And he would be going home soon. I would wait. I would wait. I would make it all better.

Yes, the voices were quiet now. They were content with my decision.

Mr. D.

I needed Mr. D.

17

Corrine

Day One:

I will see him. I will make it right.

“Please let me in. I need to explain.”

“You need to get off my property right now, Corrine. I’ve seen you out there in your car. It’s sick.” Rage danced in the darkness of his eyes, but I couldn’t be afraid.

“I fucked up. I know this. But I can explain some of it. Please let me try.”

He moved out of the doorway, and I took my chance and entered. I very well could have been entering the den of the beast that would devour me and tear my flesh to shreds, but I didn’t want to give up.

As I turned around to face the man I planned to get down on my knees and beg for forgiveness if I had to, I was surprised when he took a handful of my hair and forced his lips onto mine.

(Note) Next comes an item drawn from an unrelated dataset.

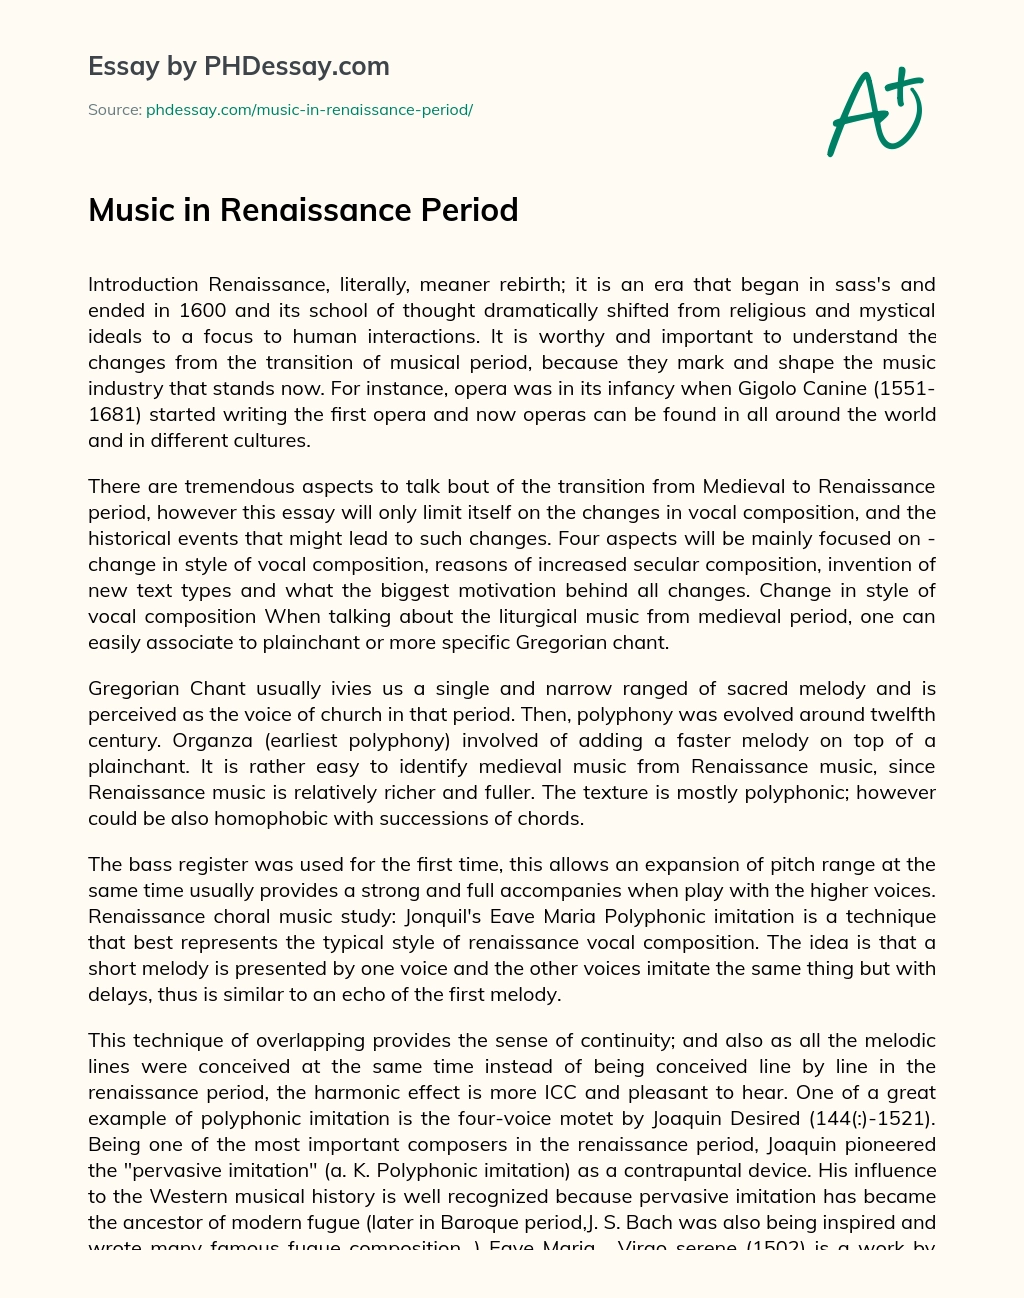 Music in Renaissance Period essay

The kiss was hard, passionate, aggressive and yet welcomed. He continued to master my mouth with his as he pressed me hard against the wall, causing the paintings hanging nearby to rattle. His actions were far from gentle, but I knew they matched the fury inside that had to be eating him up.

“Take off your fucking clothes,” he commanded.

He took a step away and began doing the same.

I brought my shaky fingers to the button of my pants and began doing exactly as he said. If this was my penance to earn his forgiveness, then so be it.

Anything.

I would have done anything.

He pressed his mouth to mine, thrusting his tongue past my lips. I waited for him to bite, to shove, to hurt in order to contrast against such an intimate touch.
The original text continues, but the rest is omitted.